The FMTI's own data offers two concrete signals worth taking seriously. Companies that prepare and submit their own transparency reports score roughly twice as high as those assessed from public information alone - a gap the researchers treat not as a methodological flaw but as evidence that disclosure responds to structured demands rather than internal goodwill.[1] Signatories to the EU AI Act's General Purpose AI Code of Practice score modestly higher overall, with the advantage driven mainly by stronger downstream disclosures on usage policies and deployment context rather than any meaningful opening up on training data.[1] Taken together, the data makes a narrow but important point: the floor rises when someone sets one.

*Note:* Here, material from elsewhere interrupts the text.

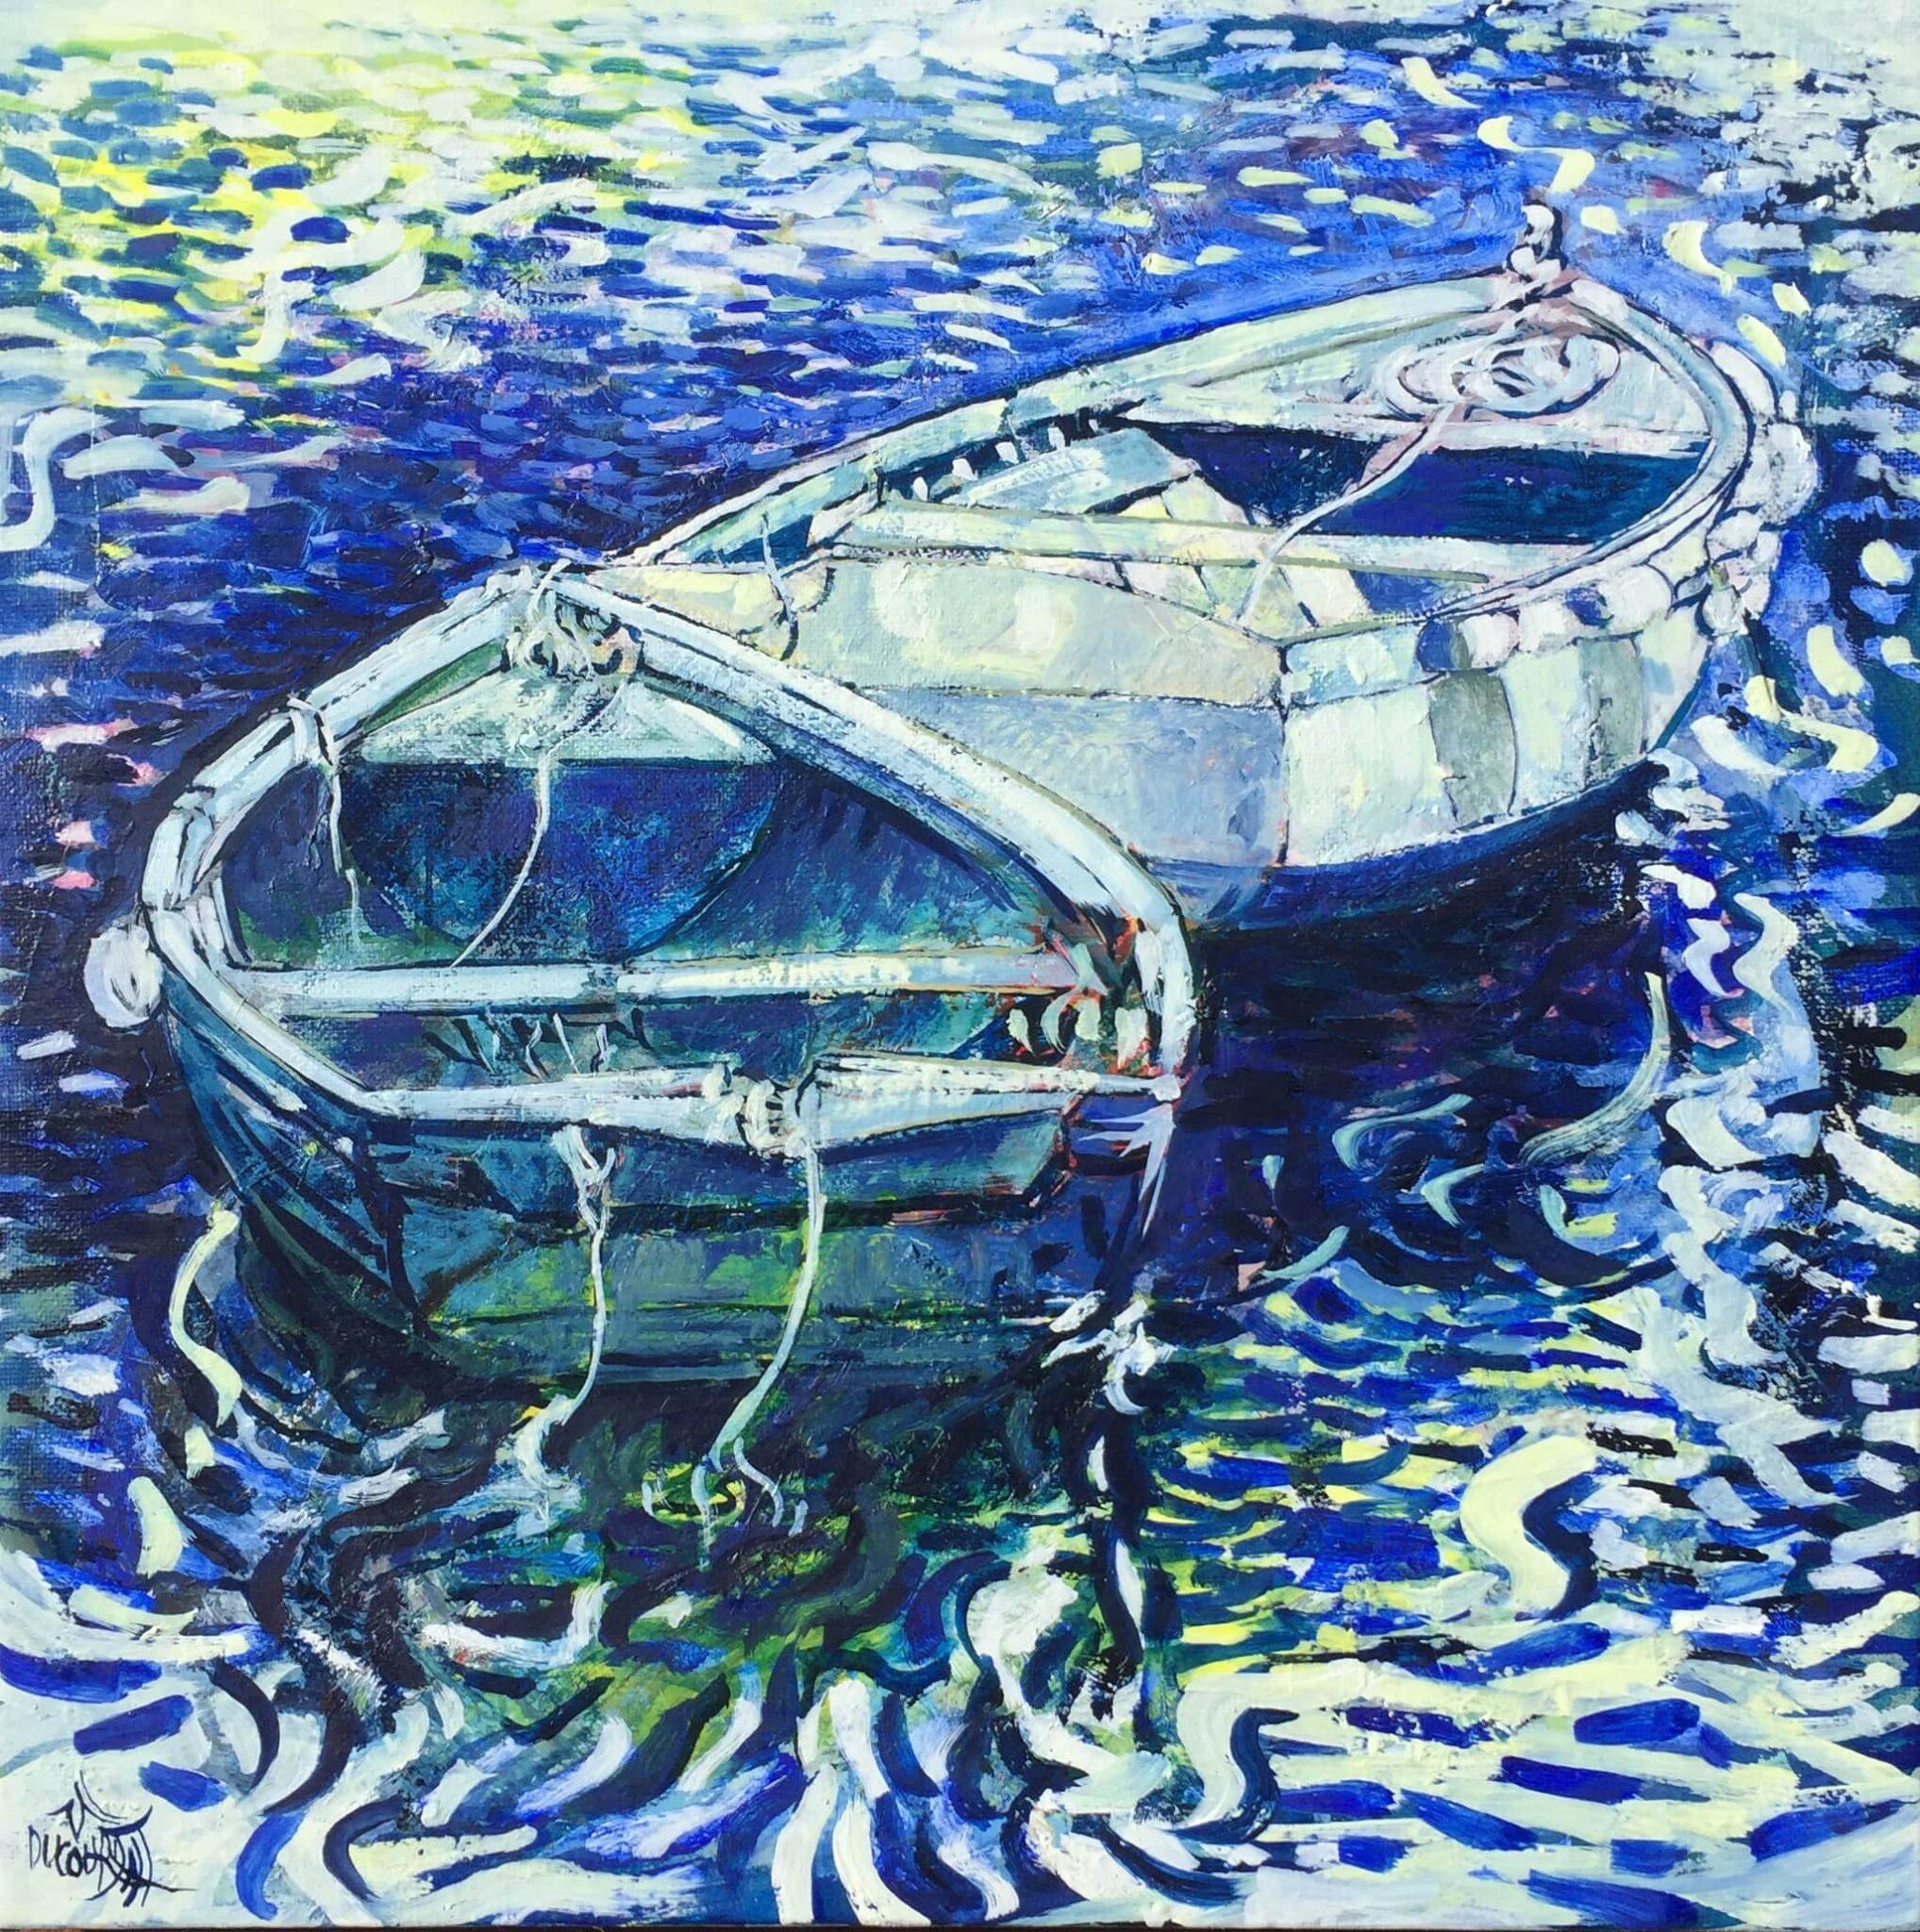 Les menus plaisirs des barques d'Aven - 40x40

The harder question is who that someone will be. Mandatory disclosure requirements have precedent in adjacent industries - financial reporting, pharmaceutical clinical trials, environmental impact assessments - and in each case, voluntary frameworks preceded mandatory ones by years before regulators concluded that goodwill was insufficient. AI transparency appears to be tracing the same arc, only faster and with higher stakes. The 2024 FMTI scores improved when the industry was smaller, more scrutinized, and more anxious about its public standing. The 2025 decline coincides with a period in which frontier labs have grown more commercially entrenched and politically connected.
The U.S. regulatory environment has moved in the opposite direction. Several state-level AI transparency bills have stalled or been preempted, and federal action on foundation model disclosure remains absent. The Stanford AI Index notes that public trust in the U.S. government to regulate AI sits at just 31 percent - the lowest of any country surveyed.[2] That distrust may be warranted; it is also, at this moment, convenient for the companies whose disclosure scores are falling.
The FMTI's longitudinal data now spans three years, enough to see a pattern: transparency improved when the industry was smaller and under greater scrutiny, and has declined as the stakes - and the political headwinds against regulation - have grown. The index exists, its authors note, to give policymakers, journalists, clients, and investors the information to hold developers accountable. Whether any of those actors will use it is a separate question.